• -
  • irishtimes.com - Posted: October 31, 2008 @ 12:29 pm

    Compulsory smut replaces compulsory Irish

    Deaglán de Bréadún

    The furore over Russell Brand and Jonathan Ross and their sicko phone calls to venerable actor Andrew Sachs had a very positive side-effect in that it swept the recession aside for a few days as the main news item in the British media. Irish outlets seemed reluctant to take up the story: London is no longer the centre of our cultural universe and I guess that’s a good thing.

    But there are resonances here at home. Podge and Rodge are not cruel in the way that Ross and Brand were but their toilet humour is deeply distasteful to many viewers (others seem to like it.) Gerry Ryan is a very talented broadcaster but has a tendency towards crudity that puts a lot of people off listening to  him (although maybe it attracts others.)

    I don’t think the generation now in its 20s and early 30s has any awareness of how repressive this society was in the past. Back in the 1960s and even later, censorship was a major issue in Irish culture. It wasn’t just legal censorship, whereby books were banned and films either outlawed or cut by the State, there was an overall air of stuffiness which was quite oppressive.

    Some of us railed against it, protested, objected, spoke out. You had to go to the authoritarian Northern Ireland statelet to see films or read magazines that would be considered very innocuous by today’s standards. On my first trip to England as a student to do summer work, I immediately purchased John McGahern’s novel The Dark  which had been banned in Ireland, apparently because of a scene where the young hero excites himself as he gazes on a lingerie ad, in the Irish Independent no less.
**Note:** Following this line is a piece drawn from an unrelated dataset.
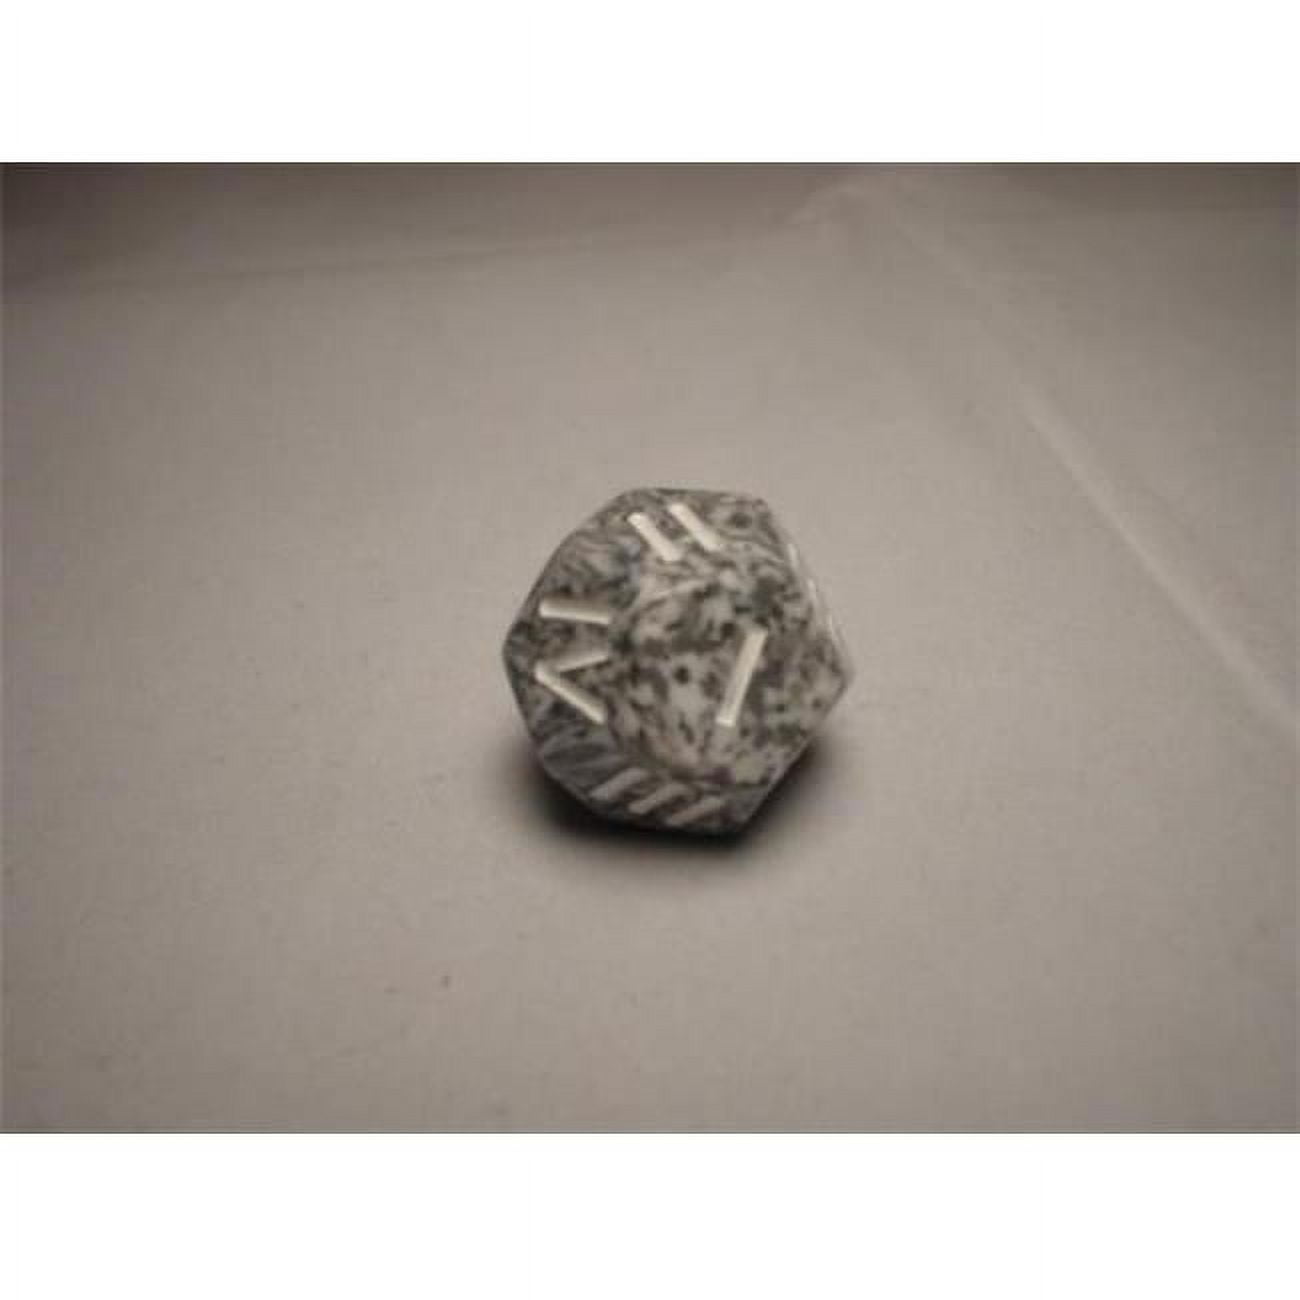 Picture of Chessex CHXXS1430 D4 Speckled Roman Numerals Dice, Granite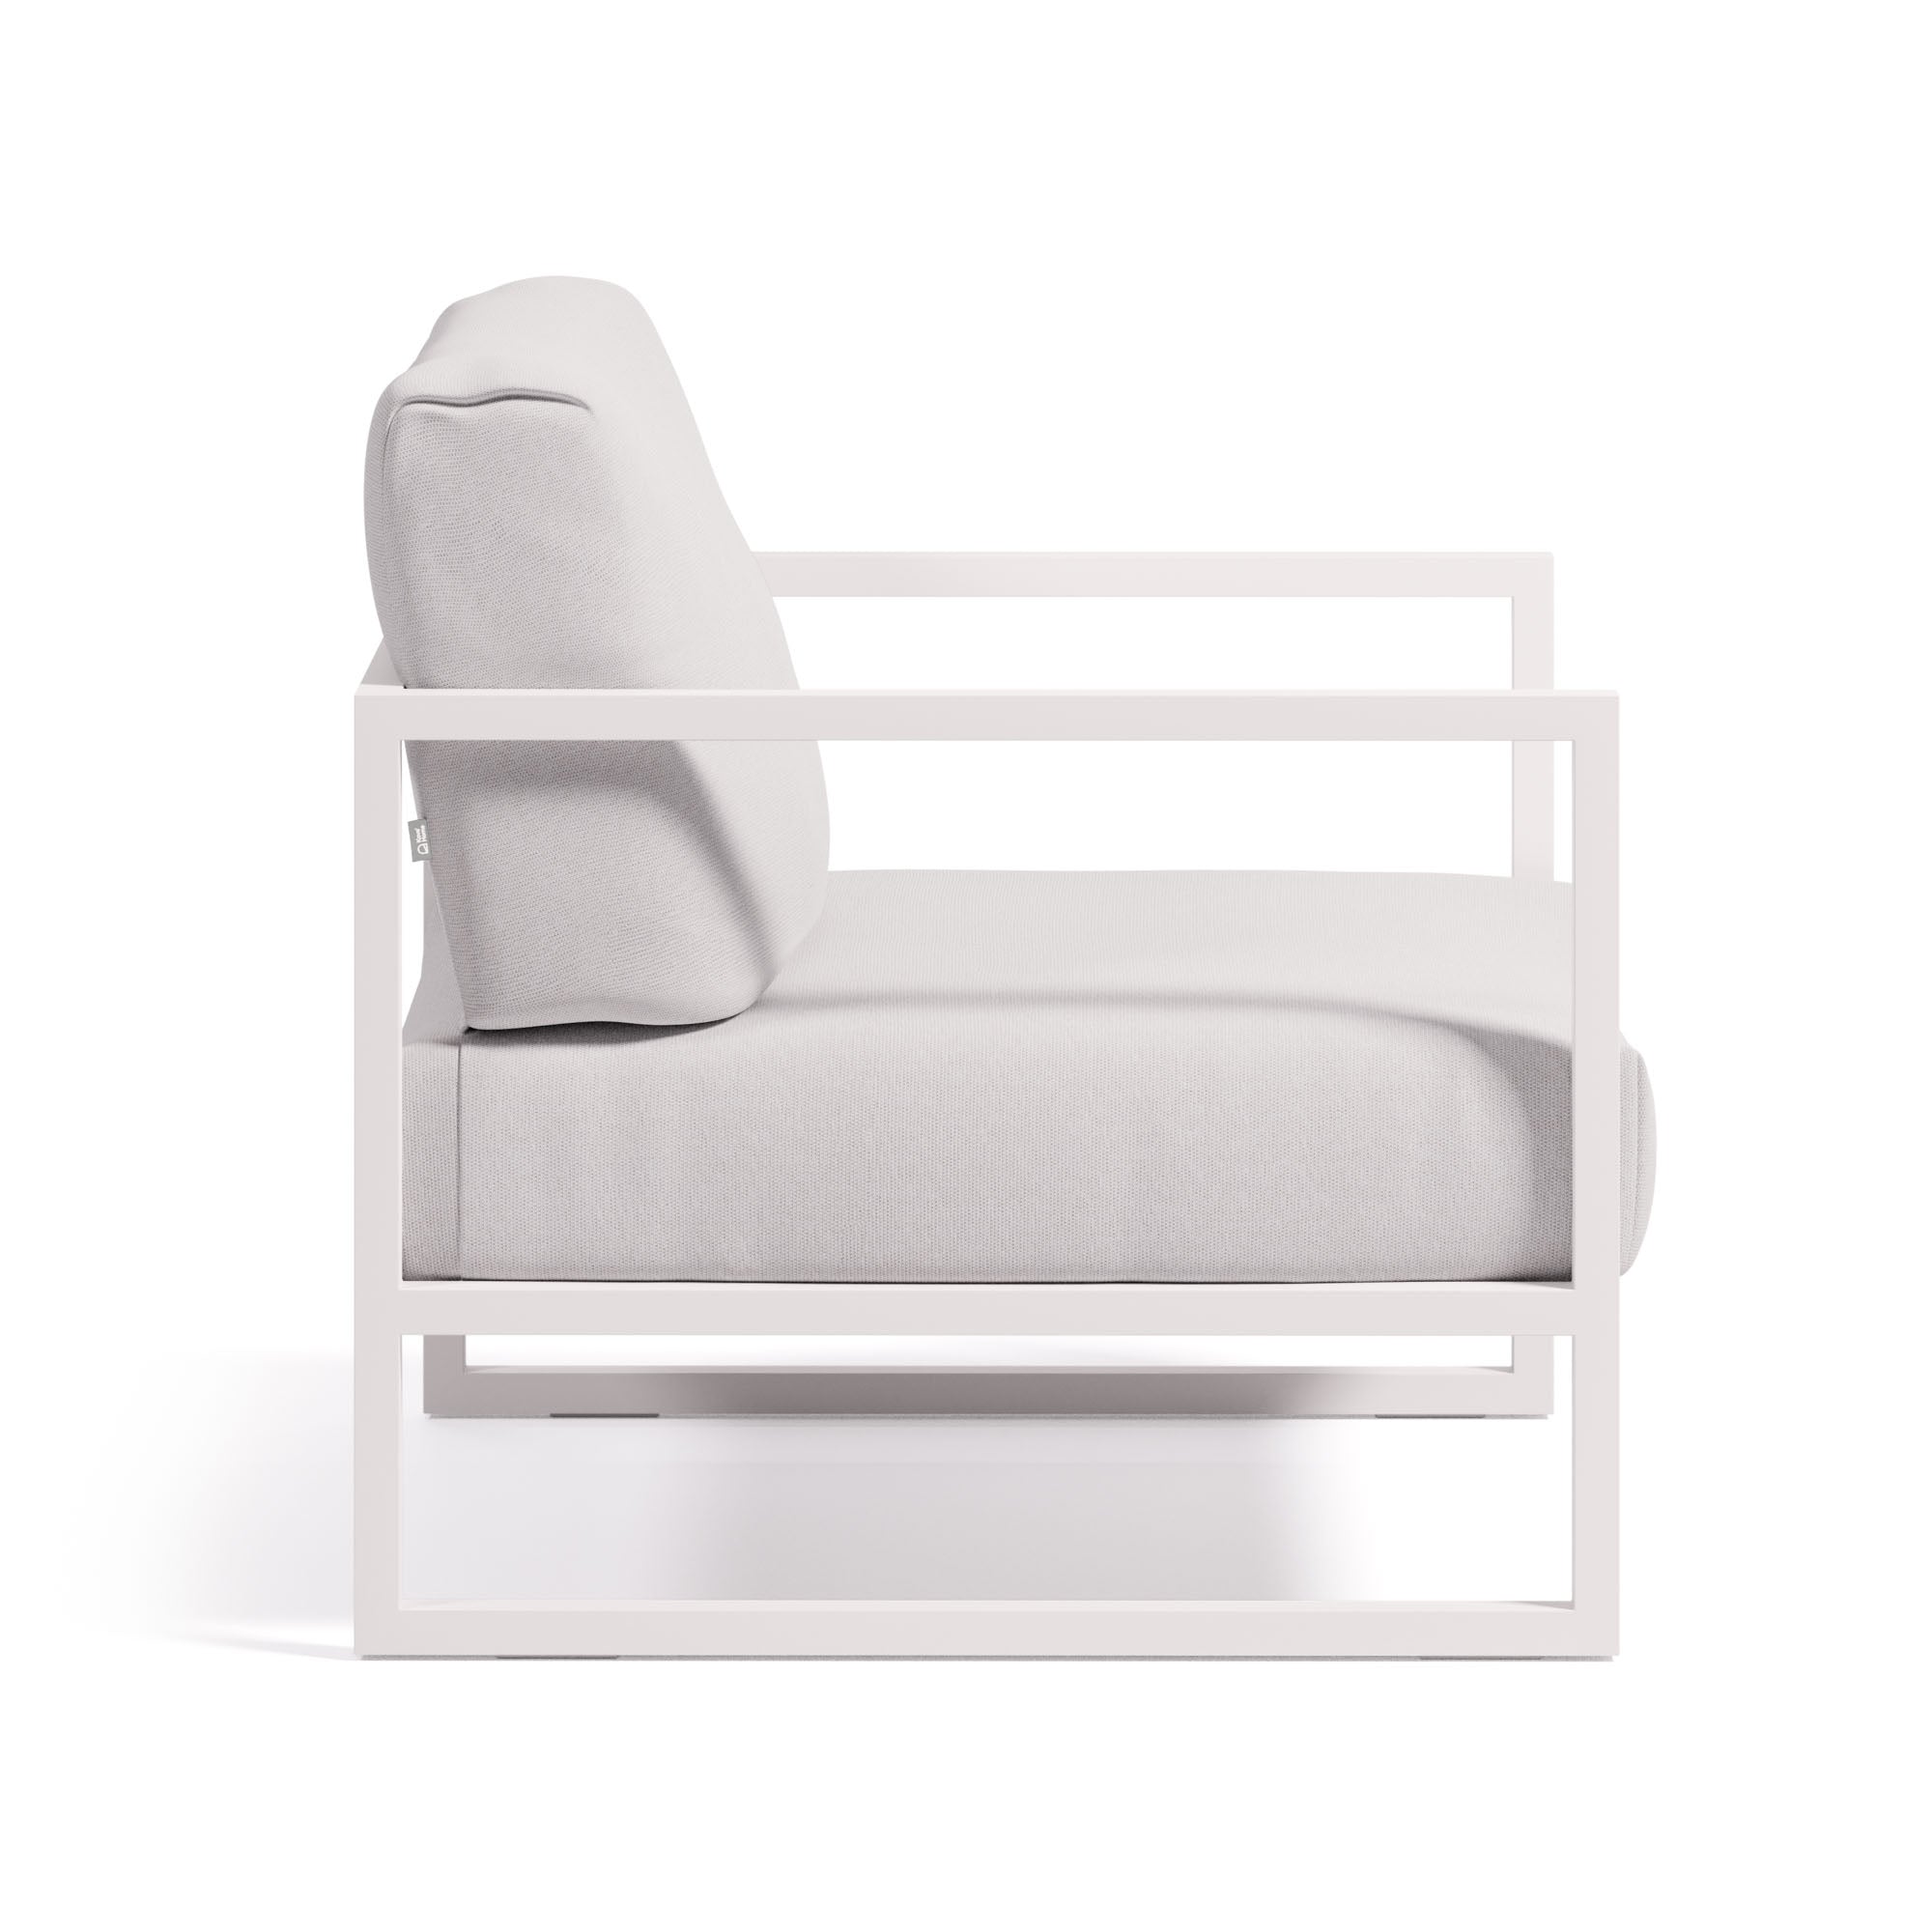 Comova 100% outdoor armchair in white and white aluminium

    A good deal of emotional and political energy went into opposing the prevailing censorship. Film critic Ciarán Carty, then with the Sunday Indo, now writing for the Tribune, broke many a lance in the struggle.

    It may be hard to believe that, even in the late ’60s, a song called Walk On By was banned from the radio because it referred to an adulterous love affair: “I love you but we’re strangers when we meet” . Another number, Manfred Mann’s Do-Wah Diddy-Diddy was banned because “diddy” was a slang word for breast in this country.

    It’s different nowadays. Anything goes. In the race for ratings, TV channels in different countries are seeking to out-smut one another. Friday night is hide-behind-the-sofa night.

    It wasn’t meant to be this way. The lifting of censorship was meant to facilitate artists and writers in the sensitive depiction of human relations in their work but instead what we have is an endless stream of dirty jokes and near-obscenity aimed at perpetual adolescents. Is this the kind of society Pearse and Connolly gave their lives to create? Is this what Thomas Davis had in mind for us? Was this Henry Grattan’s dream for an independent Ireland?

    What’s curious about it is that the authorities – or at least the controllers of TV and radio stations – are inflicting this on the public. It’s the world turned upside down. In the past the people sought to liberate themselves from authoritarian rule; now it’s the rulers who are seeking to ‘liberate’ the people from their traditional sense of good taste and standards of decency. Compulsory Irish has been replaced by compulsory smut.

    Political debate, on the other hand, is still pretty well restricted. Not so much in an overt way but quietly, almost imperceptibly. The two-party system, whether here or in Britain, dominates the airwaves and, much of the time, the choice of opinions ranges from Tweedledum to Tweedledee although, every so often, a dissident is trotted out to show that the system is really very liberal.

    It’s good that Jonathan Ross is going to suffer some pain in his pocket because of what he did. But the guy is earning so much, it won’t make much difference in the end. As the recession deepens, the massive amounts of money prominent broadcasters people are getting will come more and more into focus. Why should the public be legally obliged to pay a licence fee to subsidise these people?  There’s a question for the Inspector when s/he comes knocking on your door.